Nie lubię własnego wnuka. Jak nauczyć się czuć ciepło?
Nazywam się Krystyna Nowak, mam sześćdziesiąt dwa lata i chcę się podzielić czymś, co, wydawało mi się, w ogóle nie może istnieć. Czymś, co do dziś nie daje mi spokoju. Czymś, co ukrywam w sobie, bojęc się potępienia, utraty kontaktu z córką i… wstydu przed samą sobą.

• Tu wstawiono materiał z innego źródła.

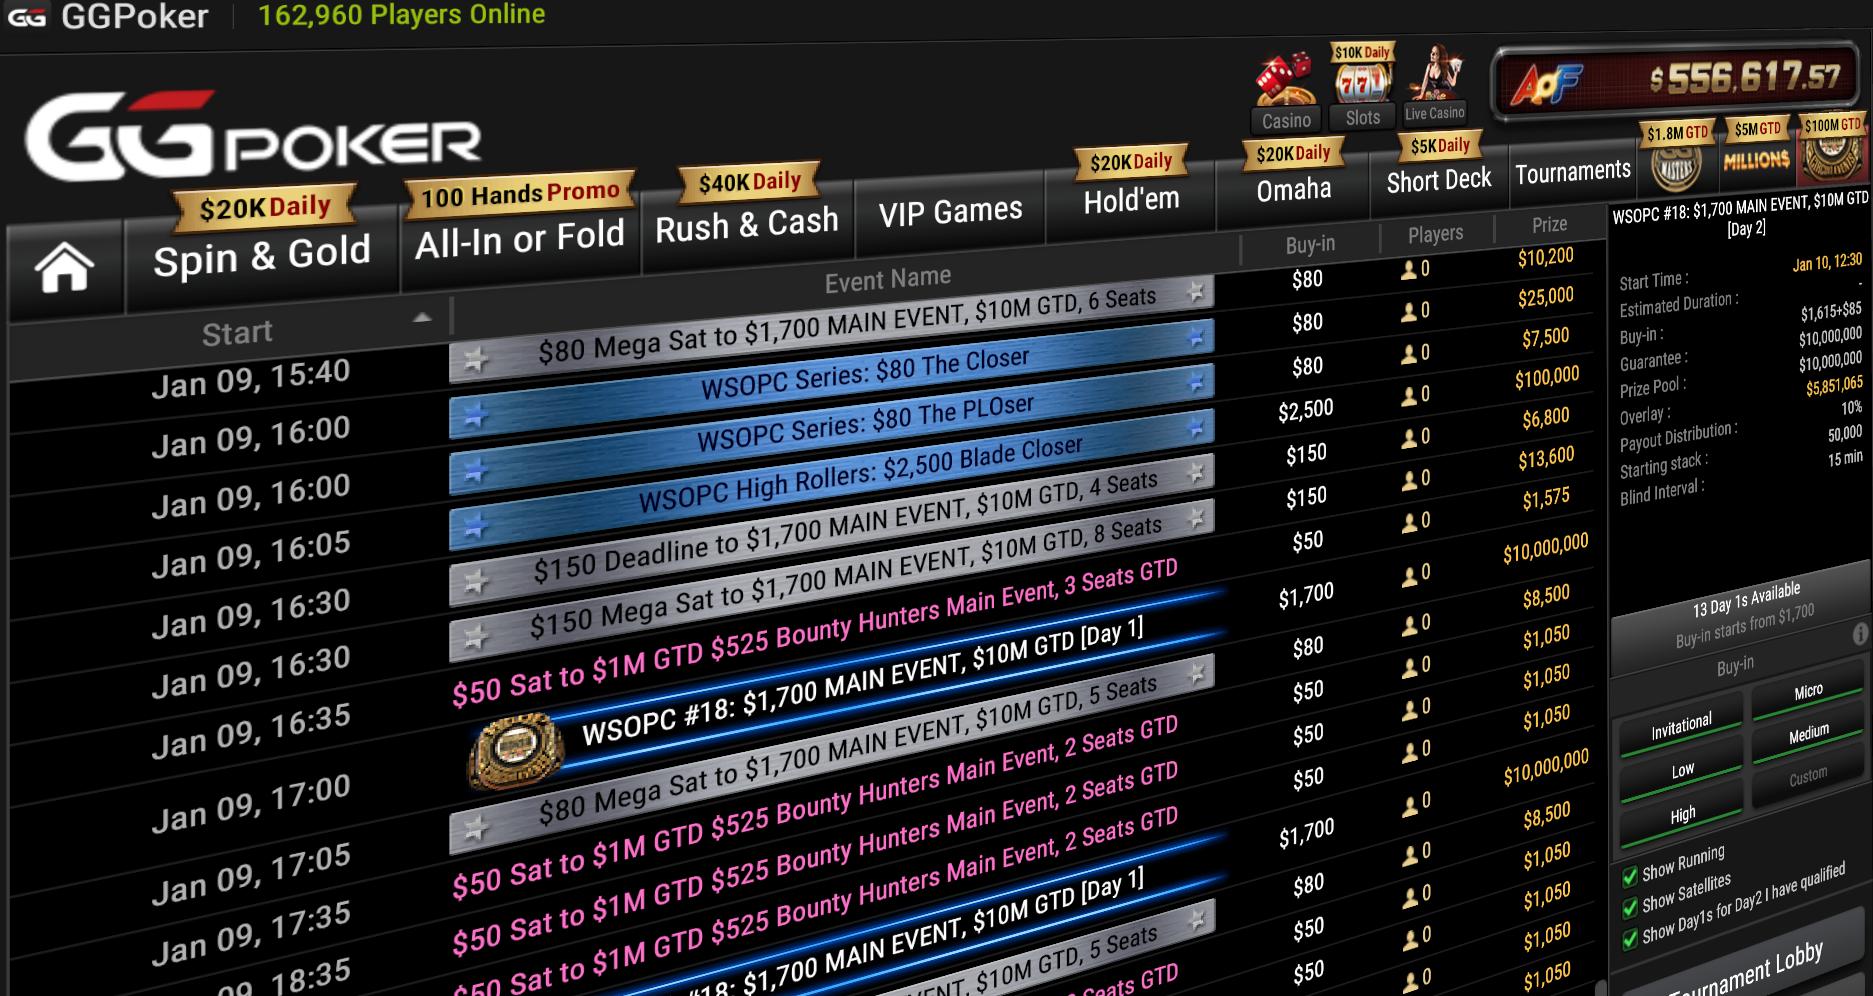 Покер шанс онлайн играть казино автоматы бесплатно без регистрации

Moja jedyna córka Agata od sześciu lat mieszka w Wielkiej Brytanii. Wyjechała tam na studia, a niedługo potem poznała swojego przyszłego męża – Anglika, z którym niedługo wzięła ślub. Niestety, nie udało mi się pojechać na wesele – miałam problemy ze zdrowiem, trudności z wizą, a prawdę mówiąc, finansowo też było ciężko. Długo czekałyśmy na spotkanie, ale choćby gdy Agata urodziła syna, mojego wnuka, nie udało mi się od razu do nich pojechać – dokumenty, kwarantanny, tysiące kilometrów dzielących nas…
Wnuka, Bartosza (w rodzinie nazywają go Bartie), zobaczyłam dopiero dwa lata po jego narodzinach. Wyobraźcie sobie: pierwszy wnuk, tak długo wyczekiwany, najbliższa krew! Tyle razy wyobrażałam sobie to spotkanie – jak przytulę go mocno, jak łzy euforii popłyną mi po policzkach, jak on z ciekawością będzie dotykał moich włosów, a ja będę się śmiała i głaskała jego małą główkę…
Ale rzeczywistość okazała się zupełnie inna. Od chwili, gdy pierwszy raz objęłam wnuka, czułam tylko zagubienie. Chłód. Pustkę. Wyciągał do mnie rączki, jak do obcej cioci, ale w moim sercu nie pojawiło się ani ciepło, ani wzruszenie, ani miłość, o której tak często się pisze. Starałam się ze wszystkich sił – uśmiechałam się, bawiłam, piekłam pierniki. Ale to wszystko było mechaniczne, bez szczerości, bez wewnętrznego odzewu. Czułam się, jakbym grała obcą rolę w czyjejś nie mojej sztuce.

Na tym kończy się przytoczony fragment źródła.